Notifications You must be signed in to change notification settings

graphprotocol/qlog

Folders and files

NameName
Last commit message
Last commit date

Latest commit

 

History

59 Commits
 
 
 
 
 
 
 
 
 
 
 
 
 
 

Repository files navigation

This repo contains a tool to process and summarize the query logs that graph-node generates. It can be used to

  • transform the textual log files that graph-node poduces into JSONL files with one JSON object for each query. The input can either be the raw log from graph-node or the log entries that Google Cloud's Stackdriver emits. The JSONL files can then be used as input to agora
  • summarize query performance for similar queries to calculate basic statistics like average and maximum query duration
  • sample query logs to generate a random sample of a larger logfile

Installation

You will need to have a Rust toolchain installed Check out this repository, cd into the checkout and run

cargo install --bins --path .

The resulting binary will be placed into ~/.cargo/bin. If you want to update an existing installation, you will also have to pass --force to cargo.

Gathering query logs

When you run graph-node, set GRAPH_LOG_QUERY_TIMING to gql. That will make graph-node log lines of the form

Sep 22 17:01:52.521 INFO Query timing (GraphQL), block: 1234567, query_time_ms: 489, variables: null, query: query things { things(first: 10) { id name } } , query_id: f3e751f1852e62e6-cf1efbcd35771aeb, subgraph_id: Qmsubgraph, component: GraphQlRunner

qlog can then be used to transform and summarize these logs in a number of ways

Processing query logs

In its simplest form, qlog process reads a textfile containing log entries and transforms them into line-separated JSON (JSONL). To do that, run

grep 'Query timing' queries.log | qlog process --text --output queries.jsonl

In addition, qlog can also summarize queries by grouping similar queries by their 'shape hash' by passing --graphql summary.jsonl, for example to just summarize queries, run

grep 'Query timing' queries.log | qlog process --text --graphql summary.jsonl

If there is already a file with queries in JSONL form, qlog process can summarize this with the following command. Note that we do not pass --text to qlog process since the input file is already in JSONL form:

cat queries.jsonl | qlog process --graphql summary.jsonl

Finally, qlog process can also be used to take fixed-size samples of a logfile; running qlog process like this will produce a file samples.jsonl that contains 1,000 samples per subgraph taken uniformly from queries.jsonl:

cat queries.jsonl | qlog process --samples 1000 --sample-file samples.jsonl

Sampling can also be restricted to certain subgraphs with the --sample-subgraphs option which expects a comma-separated list of subgraph identifiers, i.e. identifiers in the form Qmsubgraph.

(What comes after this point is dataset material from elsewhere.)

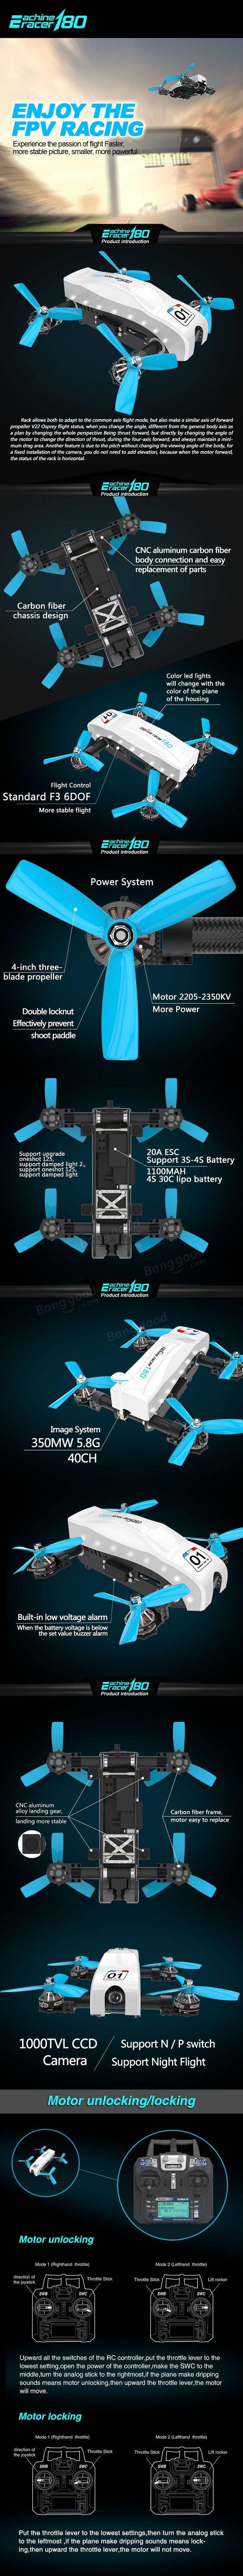 Eachine Racer 180 Tilt Rotor FPV Drone F3 350mW 5.8G 40CH VTX w/ I6 RTF(20% off coupon code:RA180)

The options for converting a logfile to JSONL, to summarize a logfile, and to sample a logfile can be combined so that qlog process only needs to be run over a logfile once, which saves a significant amount of time for large logfiles:

grep 'Query timing' queries.log | \
  qlog process --text --graphql summary.jsonl \
     --output queries.jsonl \
     --samples 1000 --sample-file samples.jsonl

Using qlog with Google Cloud

Google Cloud's logging infrastructure, Stackdriver, wraps log messages in JSON objects. It is possible to have these JSON objects delivered into files in Google Cloud storage by defining a sink in Google Cloud Logging.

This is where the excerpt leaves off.